One day after surgery, slit lamp view shows a clear cornea. The edge of the Descemet’s membrane is still visible running inferiorly.

Full size image

One week after the anterior chamber reformation her right visual acuity was 6/24 unaided improving to 6/9 with −3.00/+1.25 × 55°. The Descemet’s membrane remained attached and the cornea was clear, her intraocular pressures were 10 mmHg in the right eye and 12 mmHg in the left eye.

Comment

DMD is not an uncommon complication after cataract surgery.3 Vastine et al suggest surgical intervention for large planar and scrolled detachments.4 Walland et al also recommend repair of large DMD should it be recognised intraoperatively, and that an expanding gas should be used.5

In this case the patient underwent routine, small incision phaco-emulsification cataract surgery with foldable lens implant and developed persistent corneal oedema. The DMD was not noted until the seventh week postoperative visit and appeared to have been progressive. The signs of DMD were very subtle and the examination was made more difficult by the extensive corneal oedema giving poor details of the anterior chamber. This patient responded well and promptly to anterior chamber reformation with air, with an almost immediate reattachment of the Descemet’s membrane. We used air to fill the anterior chamber after a three port paracentesis to drain the sub-Descemet’s membrane fluid. Once the Descemet’s membrane was attached to the corneal stroma the incision was covered internally with Provisc.
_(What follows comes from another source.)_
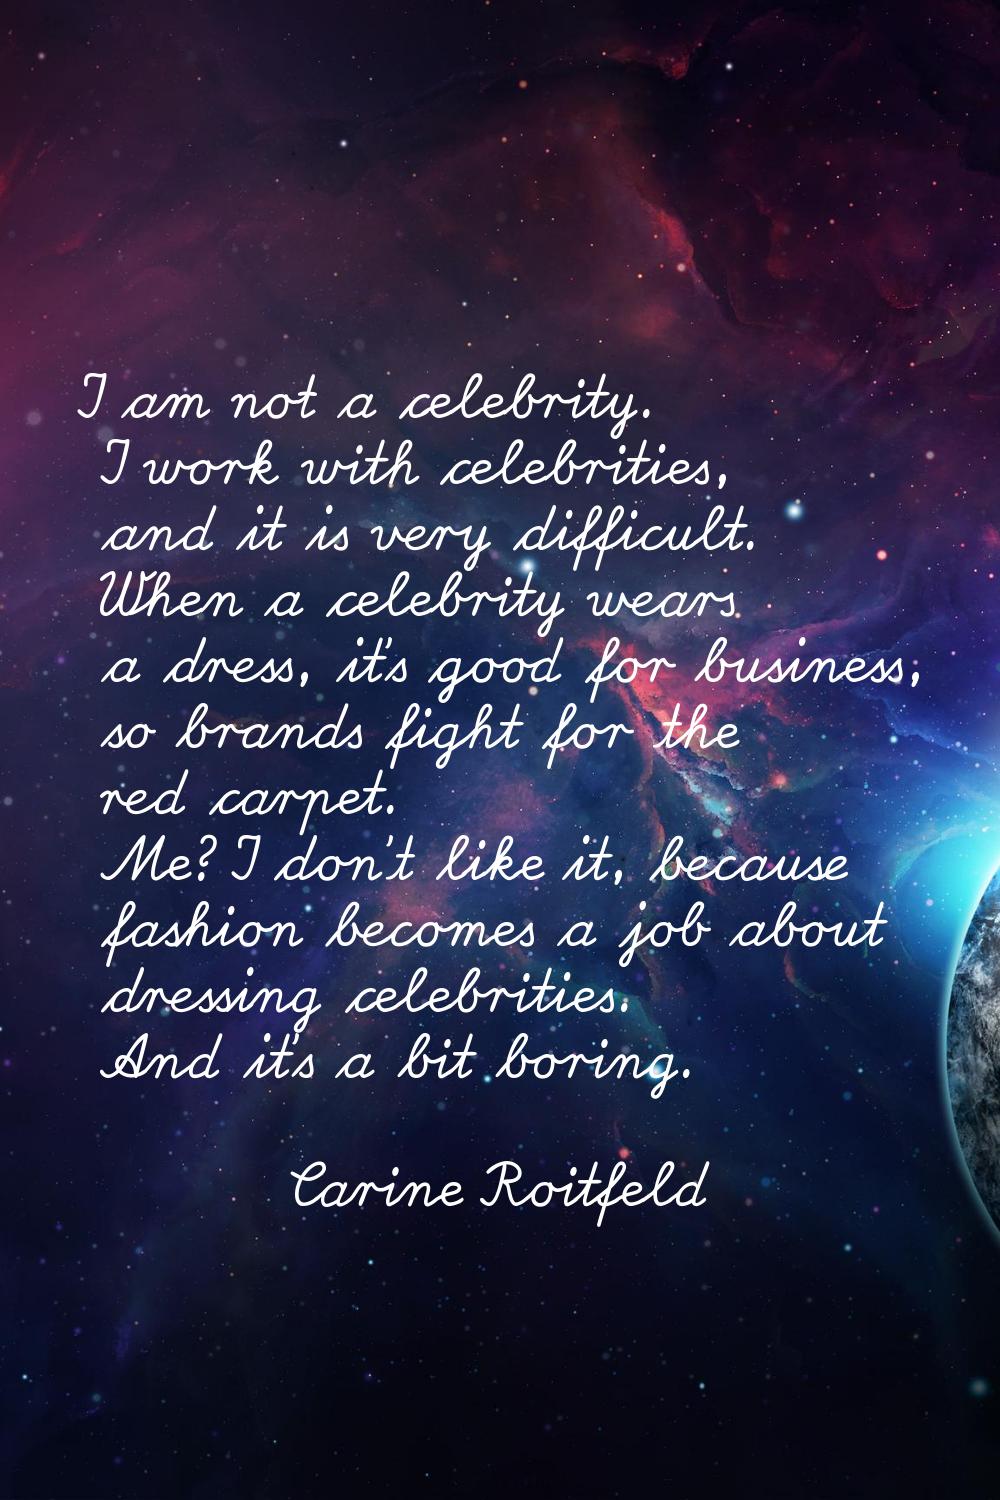 I am not a celebrity. I work with celebrities, and it is very difficult. When a celebrity wears a d

In summary, DMD can be a cause of corneal oedema and should be considered as a differential diagnosis in cases of corneal oedema following cataract surgery, especially if the procedure has been uneventful. One will need to examine carefully, as the signs of DMD can be subtle especially if masked by extensive corneal oedema. DMD can be reattached successfully using only air tamponade with good visual outcome.